Он взял перо, которым писал статью о Натане, и потряс им.

— Завтра я швырну в них двумя столбцами. Потом посмотрим! Не тревожься, Корали! Речь идет не о любви, а о мести, и я отомщу вполне.

— Вот человек! — сказал Блонде. — Если бы ты, Люсьен, знал, как редко можно встретить в пресыщенном парижском свете подобный взрыв чувств, ты больше бы себя ценил. Не оплошай, — сказал он, употребив выражение более энергичное, — ты на пути к власти.

— Он достигнет своего, — сказала Корали.

— Он уже многого достиг в эти полтора месяца.

— Если случится, что его будет отделять от скипетра лишь пространство не шире могилы, к его услугам труп Корали.

— Ваша любовь достойна Золотого века, — сказал Блонде. — Прими мои поздравления; твоя статья превосходна, — продолжал он, глядя на Люсьена, — в ней столько свежести! Ты проявил себя мастером этого жанра.

Явился Лусто вместе с Гектором Мерленом и Верну; Люсьен был в высшей степени польщен, почувствовав себя предметом их внимания. Фелисьен принес Люсьену сто франков за его статью. Газета сочла необходимым вознаградить столь блестящий труд, чтобы приманить автора. Корали, увидев этот капитул журналистов, послала заказать завтрак в «Кадран Бле», ближайшем ресторане; как только Береника доложила, что завтрак подан, она пригласила всех в нарядную столовую. В разгаре пиршества, когда шампанское бросилось в голову, выяснилась причина посещения Люсьена его товарищами.

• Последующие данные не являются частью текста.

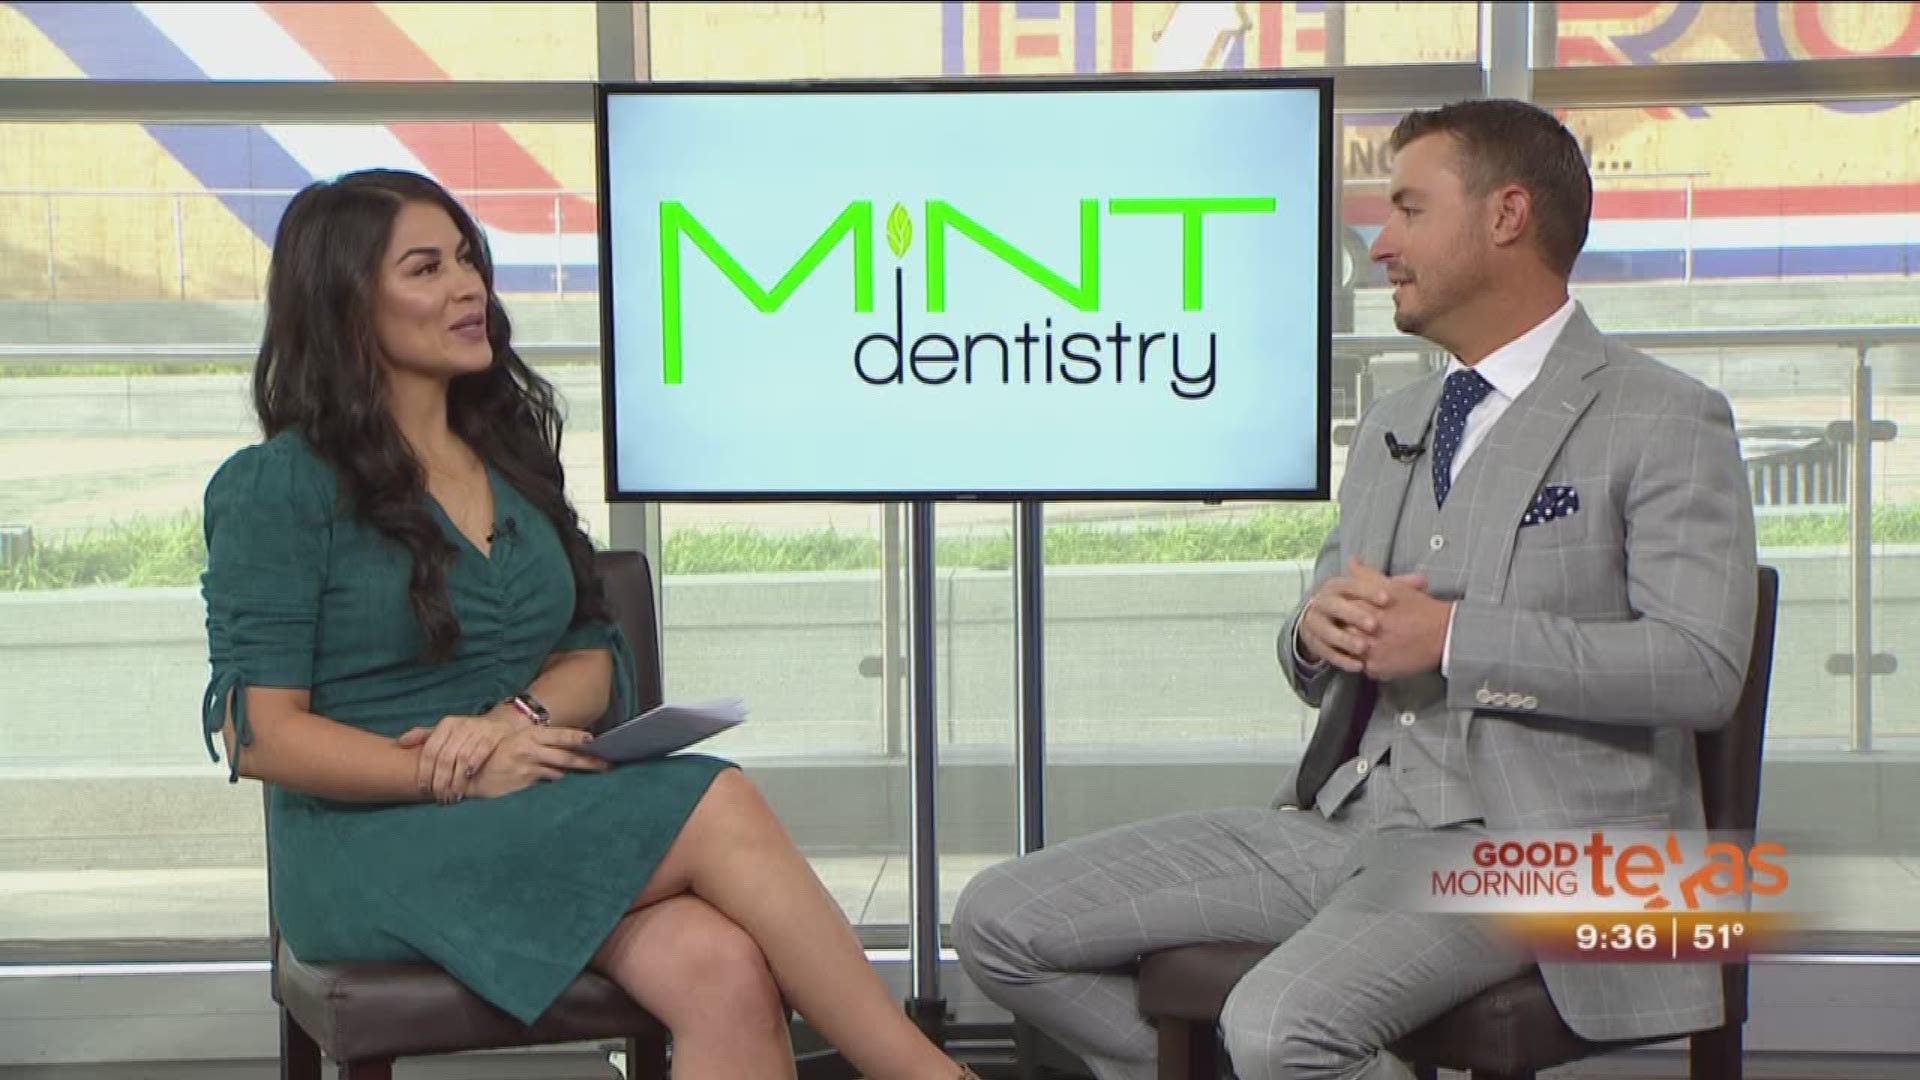 Go to mintdentistry.com for more information

— Ты, конечно, не желаешь, — сказал ему Лусто, — нажить в лице Натана врага? Натан журналист, у него есть друзья, он сыграет с тобой скверную шутку при выходе твоей книги. Ведь ты хочешь продать «Лучника Карла IX»? Утром мы видели Натана, он в отчаянье, но ты напишешь еще одну статью и окропишь его похвалами.

— Как! После моей статьи против него вы желаете?.. — спросил Люсьен.

Эмиль Блонде, Гектор Мерлен, Этьен Лусто, Фелисьен Верну прервали слова Люсьена веселым смехом.

— Послезавтра у тебя ужин. Ты пригласил его? — сказал Блонде.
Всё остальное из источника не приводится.